La traite des vaches pendant le Salon de l’Agriculture

Ce n’est pas parce que les vaches laitières font Salon dans la plus grande ferme éphémère de France qu’elles arrêtent subitement de produire du lait !

Traire les vaches laitières pendant le Salon International de l’Agriculture, c’est toute une organisation ! Le point avec Olivier Bruchon, directeur technique de la société DeLaval, qui fournit des machines à traire et autres équipements spécialisés aux éleveurs du monde entier.

Comment se passe la traite pendant le Salon de l’Agriculture ?
Olivier Bruchon : Les vaches laitières qui viennent dans le hall 1 du Salon de l’Agriculture avec leurs éleveurs produisent du lait. Comme à la ferme, elles ont besoin d’être traites deux fois par jour pour leur confort. La société DeLaval fournit au Salon une salle de traite entièrement aménagée, ainsi qu’une petite équipe, dont je fais partie, pour assurer les traites avec les éleveurs. Chacun d’entre eux amène sa vache deux fois par jour. La première traite a lieu le matin, à partir de 5 h 30, et la deuxième en fin d’après-midi. Les veilles de concours, il arrive aussi de procéder à une traite de nuit. Après chaque traite, la salle et tout le matériel sont entièrement lavés et désinfectés.

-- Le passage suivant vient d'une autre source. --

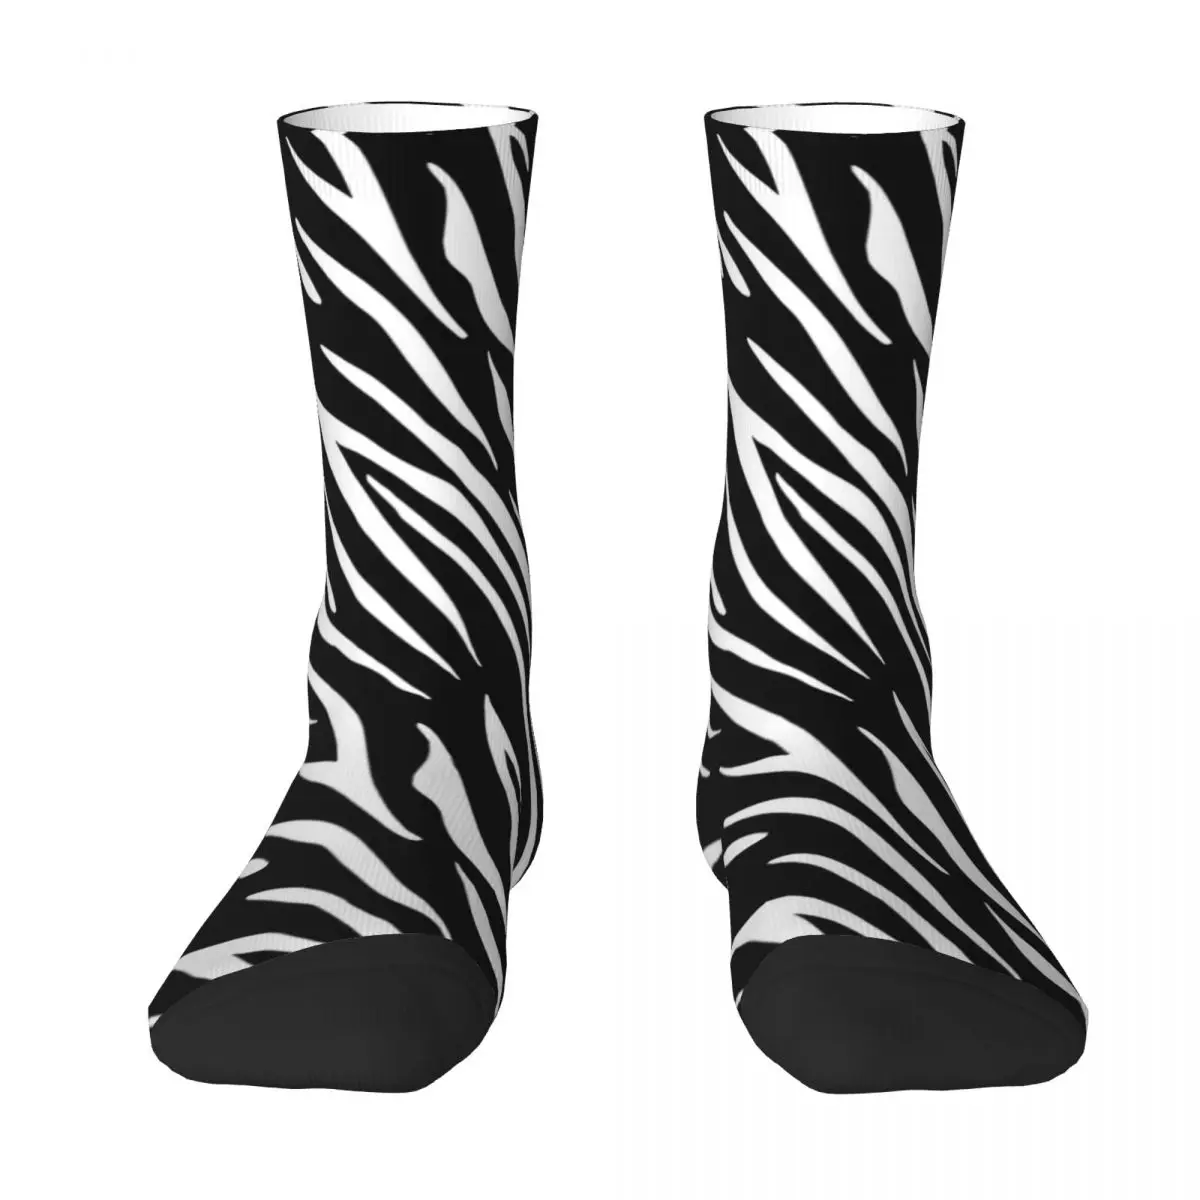 Носки в черно-белую полоску с принтом тигра, школьные современные средние чулки, большие носки унисекс из химического волокна в стиле ретро

Que fait-on du lait qui est trait pendant le Salon de l’Agriculture ?
O. B. : En sortant de la mamelle, le lait part directement vers le tank à lait, un grand réservoir refroidissant, via les canalisations appelées « lactoducs ». Il y est réfrigéré pendant environ deux jours. La laiterie de Saint-Denis de l’Hôtel, à Orléans, vient en effet le récupérer régulièrement dans un camion-citerne isotherme. Le laitier se connecte directement sur le tank avec une pompe, ce qui permet d’éviter tout contact avec l’extérieur. Rapidement acheminé vers la laiterie, ce lait est essentiellement transformé en lait de consommation, conditionné dans des briques Tetrapak ou des bouteilles en plastique. On fabrique également un peu de crème et quelques crèmes dessert. Bien sûr, chaque éleveur est rémunéré pour le lait qu’il fournit pendant le Salon de l’Agriculture en fonction de la quantité obtenue, ce qui est facile à déterminer car un compteur est intégré à notre machine à traire.

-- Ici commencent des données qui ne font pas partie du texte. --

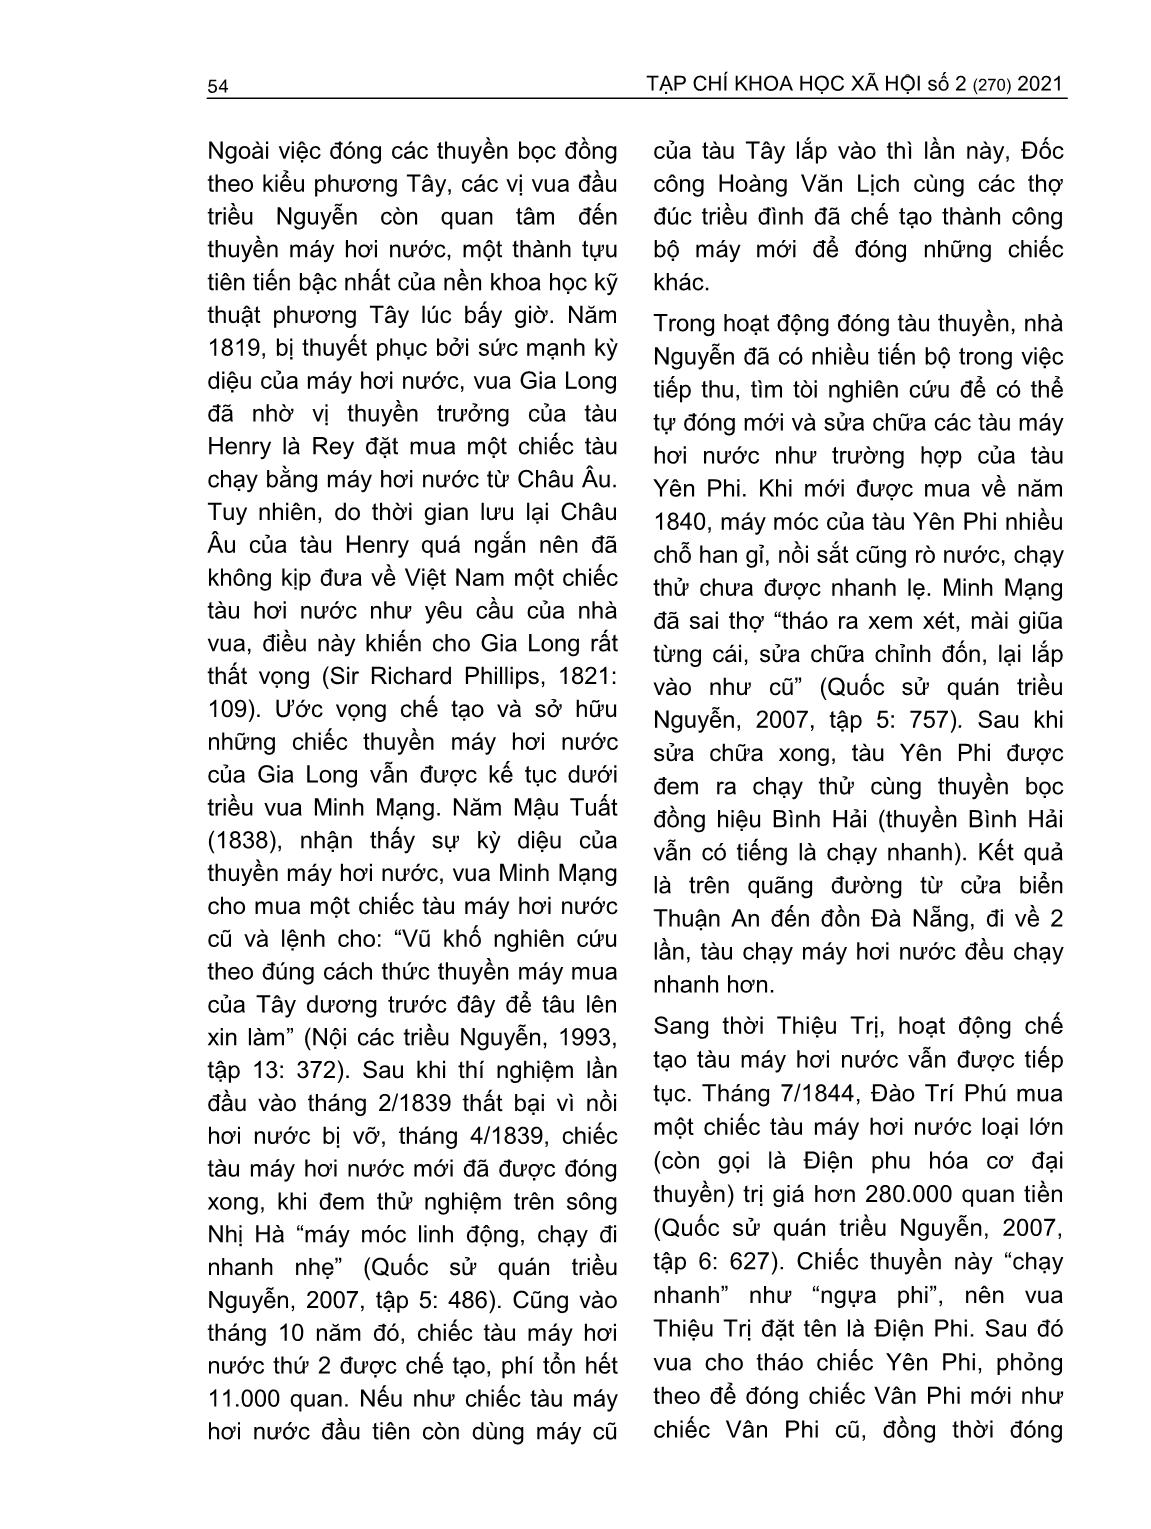 Việc tiếp thu, áp dụng kỹ thuật quân sự phương Tây của triều Nguyễn (1802-1858) trang 5

Comment la sécurité sanitaire du lait est-elle assurée ?
O. B. : Tout le lait produit pendant le Salon de l’Agriculture est scrupuleusement analysé, de la même manière qu’à la ferme. Une première analyse est faite sur chaque vache juste avant la traite : l’éleveur tire ce que l’on appelle les « premiers jets » du pis, ce qui permet de procéder à un contrôle préalable en observant attentivement le lait. Nous sommes aidés dans cette mission par de jeunes étudiants issus de lycées agricoles. Si le lait est bon, ce qui est le cas la plupart du temps, il est envoyé dans le tank destiné à la laiterie. Un deuxième contrôle sanitaire est effectué au sein-même de la cuve. Quand le lait n’est pas conforme, il est systématiquement détruit.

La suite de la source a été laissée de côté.